Ben böyle istiyorum.Böyle giyinme,söylemek,yapmak istiyorum.Bu dayatma neden?
Ve en ufak bir terslemede bu kırılma neden?
Ben alttan aldıkça insanın başıma çıkması neden?Bazen patlayacakmış gibi bunalıyorum,sonra duruluyorum.Ve sanırım bu hep böyle olacak.

15 Temmuz 2011 Cuma

4 Temmuz 2011 Pazartesi

Konser bitti.Yerine konser öncesi bol stresten dolayı;saç dökülmeleri,uykusuzluklar ve ağrılar kaldı.

26 Haziran 2011 Pazar

Winter

"Ne zaman aklını başına toplayacaksın,ne zaman seni sevdiğim kadar kendini seveceksin?!
Ne zaman aklını başına toplayacaksın?!
Çünkü herşey hızla değişecek..."
Tüm beyaz atlar buradan gittiler..
Sana seni her zaman yanımda isteyeceğimi söylüyorum
"Herşey değişir canım diyorsun..."
Hiçbir zaman değişmedi...

24 Haziran 2011 Cuma

Ne zaman "senin" için "özledim" lafını ağzıma alacak olsam,boğazımda bir şeyler düğümleniyor.Konuşamıyorum.
"bombing for peace is like fucking for virginity"

17 Haziran 2011 Cuma

Lise 3'te biter.Aşklarıyla,kavgalarıyla,notlarıyla...

14 Haziran 2011 Salı

Küçükken ailemle tartışırken "Görüceksiniz,bir 18 olayım ayrı eve çıkacağım." diye atarlanırdım.Fakat  şimdi bakıyorum da hiç ayrı eve çıkma hazırlığım yok,tam tersine asla gitmemek istiyorum.
İnsan büyüdükçe -bence tabii- ailesinin değerini ayrı bir anlıyor.
Beraber geçirecekleri zaman azaldıkça -tabii bunu kimse bilemez ama- birlikte yapmak istedikleri şeyler artıyor,değere biniyor.
Çünkü sen büyürken,ebeveynlerde seninle birlikte büyüyor olgunlaşıyor.Birbirimizi daha da iyi anlamaya başlıyoruz.Ortak noktalar artıyor,her şey daha zevkli oluyor.
17 yaşıma gireceğim 2011 yılında ben bunları anladım daha doğrusu.
Gerçi 17 olmak istiyor muyum,orası da apayrı bir konu.Şahsen bana bıraksalar hep 16 olup,ömür boyu da "liseli" kalmak isterdim.

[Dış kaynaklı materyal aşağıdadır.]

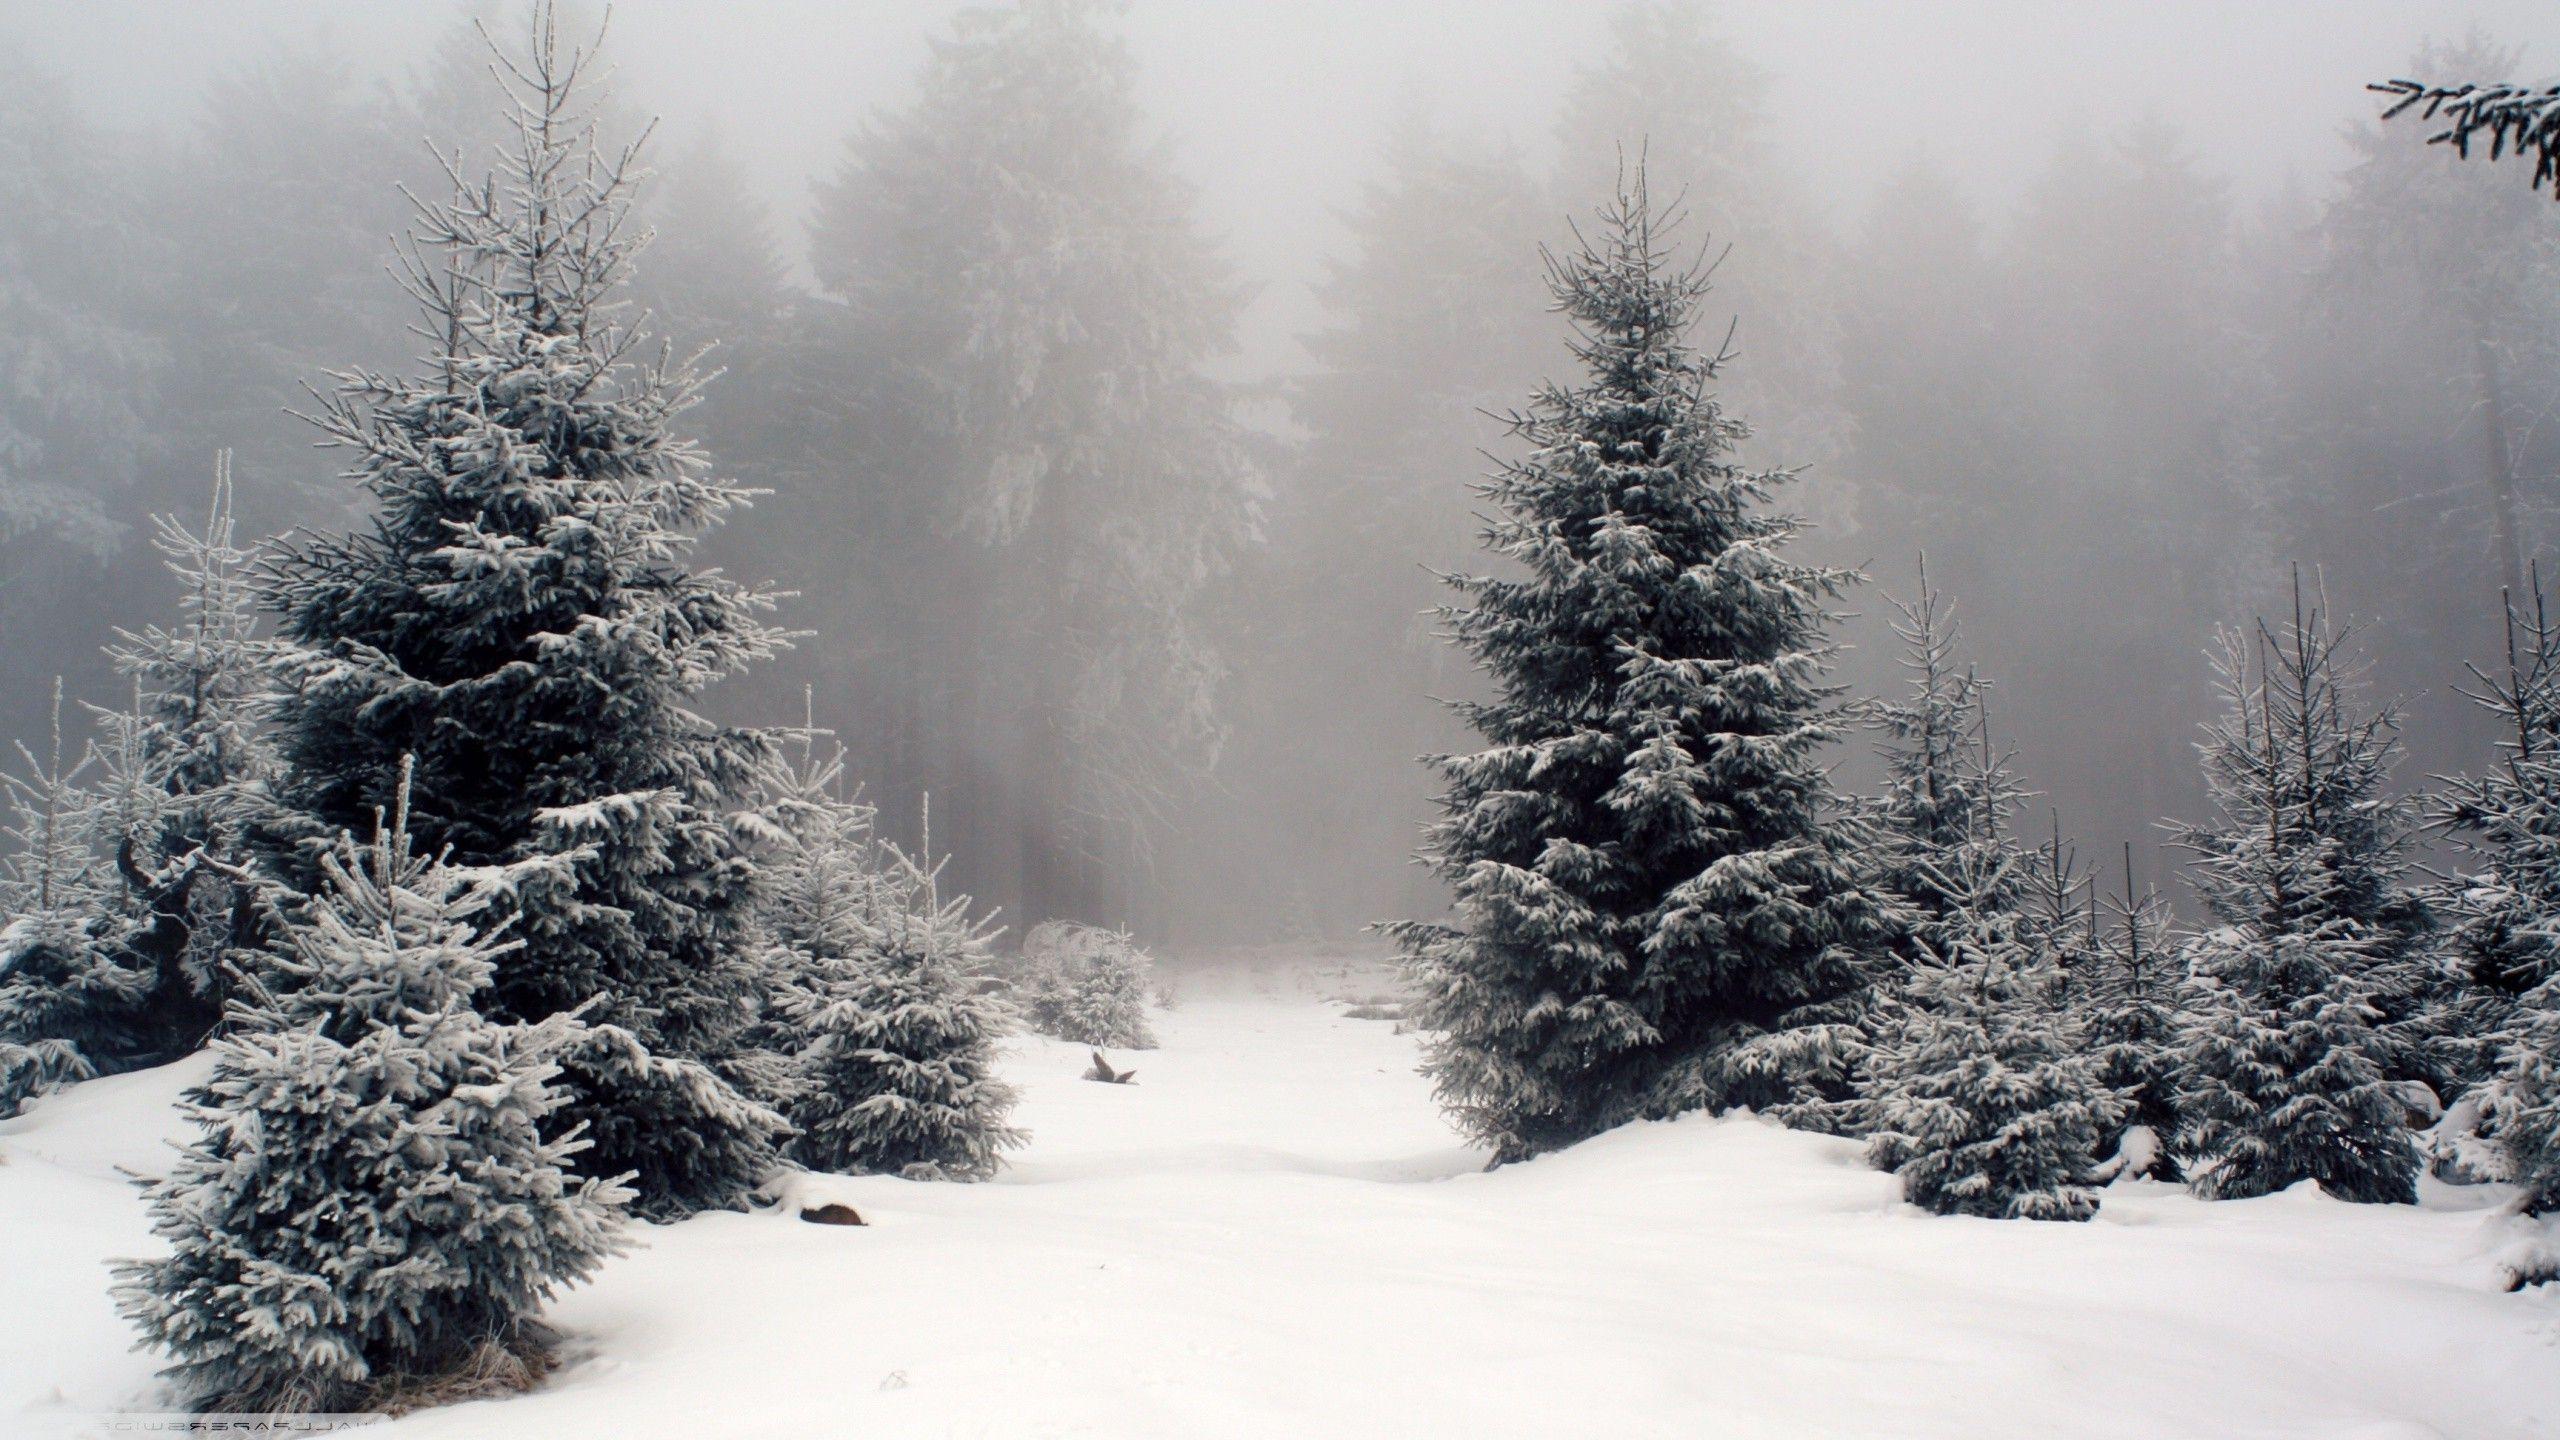 A Place In The Snow Winter Wallpaper Desktop Forest Wallpaper Winter Desktop Background Hd wallpaper snow winter forest trees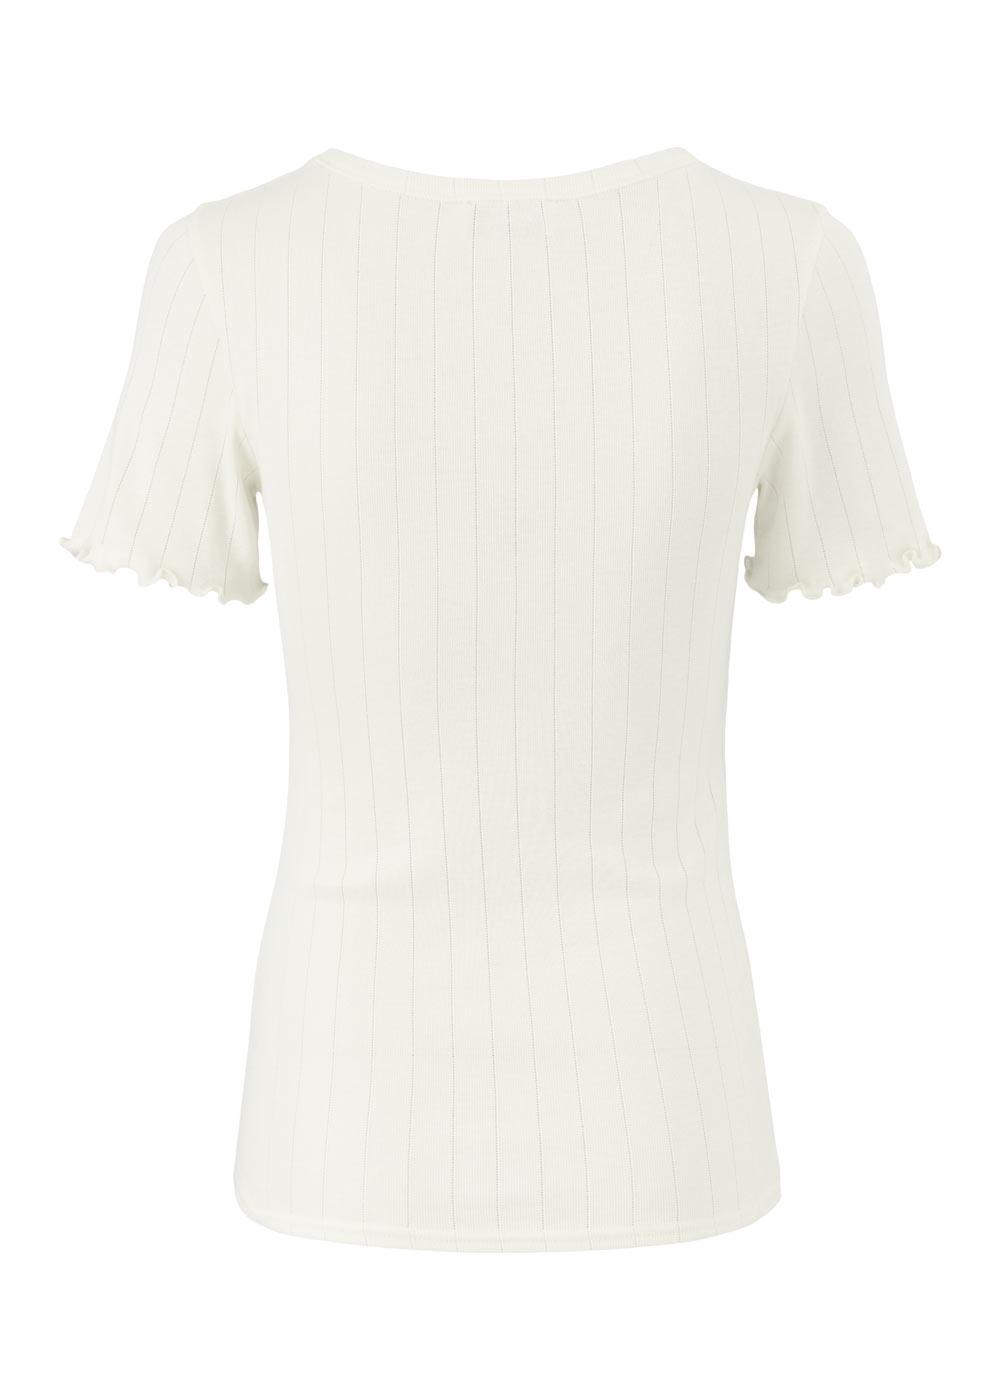 Modström Issy t-shirt, off white, large

Bu arada "liseli" kelimesi yasaktı dimi?

~Buse.

13 Haziran 2011 Pazartesi

Herhangi bir sorun çıkmazsa;  1 ay sonra orada!

meme

tdk'ya göre meme;


1) Yavrularını emzirmek için, memelilerin göğsünde türlü biçim ve sayıda bulunan, meme başı denilen çıkıntıları olan organ, bicik, emcek, emcik.


2)Vücudun herhangi bir yerinde oluşmuş küçük çıkıntı 






Herşey bu kadar basitken:
Peki neden biri "meme" dediğinde hala gülen insanlar var?





12 Haziran 2011 Pazar

emma goldman

-Evlilik insan doğasına aykırıdır, esas olarak kadınları baskı altında tutmaya yarar ve bir kurum olarak kadınların cinselliklerini özgürce yaşamalarını engeller...

-Kadın ile erkek arasında aşkla kutsanmamış, doğal olmayan her türlü birlik fuhuştur. 

-Kıskançlık ise, aşkın meyvesi olmaktan ziyade, erkeklere seks tekeli kurmayı sağlayan bir bahanedir...

-Teizm insan zihnine bir hakaret, ateizm ise hayatın, güzelliğin ve insan bilincinin en güçlü biçimde ve ebediyen onanmasıdır.

-Vatanseverlik, dünyamızın her biri demir parmaklıklarla çevrili, küçük parçalara bölünmüş olduğunu ve bazı özel parçalarda doğma şansına sahip olanların, üstünlüklerini başka parçalarda yaşayanlara göstermek için onlara savaş açma ve onları öldürme hakları olduğunu öngörür.

-Anarşizm insanın ufkunu açıp onu özgürleştiren bir güçtür; insanlara kendi yeteneklerine güvenmeyi, herkesin eşit ve güvenlikte olacağı bir hayat uğruna mücadele etmeyi, tek birimiz bile tutsaksak hiçbirimizin özgür olamayacağını öğretir.
şimdi anlıyorum ki duvarlar inşa etmişim kendime.
yılmadan,usanmadan.etmişim,etmişim.
o kadar yüksekler ki yıkamıyorum şimdi.